> _Listed entries_
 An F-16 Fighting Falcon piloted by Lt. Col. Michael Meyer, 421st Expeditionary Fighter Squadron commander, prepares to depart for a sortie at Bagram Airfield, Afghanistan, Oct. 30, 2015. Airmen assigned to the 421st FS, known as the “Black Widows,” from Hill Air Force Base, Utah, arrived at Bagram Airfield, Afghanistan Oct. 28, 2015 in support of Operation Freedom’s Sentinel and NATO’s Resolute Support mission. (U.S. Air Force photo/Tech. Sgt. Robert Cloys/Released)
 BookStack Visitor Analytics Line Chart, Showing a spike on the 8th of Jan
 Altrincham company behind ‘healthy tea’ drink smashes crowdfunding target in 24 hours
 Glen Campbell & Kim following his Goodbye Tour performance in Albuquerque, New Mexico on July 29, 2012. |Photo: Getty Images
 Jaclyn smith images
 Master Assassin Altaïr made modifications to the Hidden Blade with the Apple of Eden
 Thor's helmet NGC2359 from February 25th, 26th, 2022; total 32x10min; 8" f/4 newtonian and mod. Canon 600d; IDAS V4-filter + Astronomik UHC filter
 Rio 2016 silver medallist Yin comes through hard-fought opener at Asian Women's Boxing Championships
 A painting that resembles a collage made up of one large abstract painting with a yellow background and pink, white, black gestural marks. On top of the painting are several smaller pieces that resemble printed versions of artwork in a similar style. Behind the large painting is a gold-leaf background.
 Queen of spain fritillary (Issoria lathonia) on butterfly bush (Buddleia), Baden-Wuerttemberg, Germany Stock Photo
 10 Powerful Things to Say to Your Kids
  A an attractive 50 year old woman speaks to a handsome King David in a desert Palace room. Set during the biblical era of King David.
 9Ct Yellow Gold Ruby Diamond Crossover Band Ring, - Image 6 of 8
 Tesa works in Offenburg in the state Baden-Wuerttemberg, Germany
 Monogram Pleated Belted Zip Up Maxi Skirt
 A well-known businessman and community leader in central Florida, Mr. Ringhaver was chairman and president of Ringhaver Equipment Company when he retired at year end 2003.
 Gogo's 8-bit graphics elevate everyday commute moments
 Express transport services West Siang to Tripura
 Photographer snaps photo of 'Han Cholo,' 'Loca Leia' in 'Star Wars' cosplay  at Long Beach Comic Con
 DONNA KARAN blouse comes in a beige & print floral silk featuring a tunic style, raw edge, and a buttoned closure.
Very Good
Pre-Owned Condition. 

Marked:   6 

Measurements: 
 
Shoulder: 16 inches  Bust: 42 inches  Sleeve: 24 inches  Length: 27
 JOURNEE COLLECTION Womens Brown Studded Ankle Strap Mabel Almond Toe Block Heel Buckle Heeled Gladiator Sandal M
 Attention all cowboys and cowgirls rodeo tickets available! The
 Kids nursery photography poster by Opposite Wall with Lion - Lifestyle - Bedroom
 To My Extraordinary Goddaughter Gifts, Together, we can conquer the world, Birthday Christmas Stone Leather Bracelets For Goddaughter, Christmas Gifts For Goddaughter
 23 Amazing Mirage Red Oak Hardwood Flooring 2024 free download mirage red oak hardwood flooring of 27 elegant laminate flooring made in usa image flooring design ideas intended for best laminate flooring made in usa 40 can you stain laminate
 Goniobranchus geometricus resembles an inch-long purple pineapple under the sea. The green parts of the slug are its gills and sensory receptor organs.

> _Try it_
Find each line in the records above that contains "made", and copy it.

> _Problem solution_
 Master Assassin Altaïr made modifications to the Hidden Blade with the Apple of Eden
 A painting that resembles a collage made up of one large abstract painting with a yellow background and pink, white, black gestural marks. On top of the painting are several smaller pieces that resemble printed versions of artwork in a similar style. Behind the large painting is a gold-leaf background.
 23 Amazing Mirage Red Oak Hardwood Flooring 2024 free download mirage red oak hardwood flooring of 27 elegant laminate flooring made in usa image flooring design ideas intended for best laminate flooring made in usa 40 can you stain laminate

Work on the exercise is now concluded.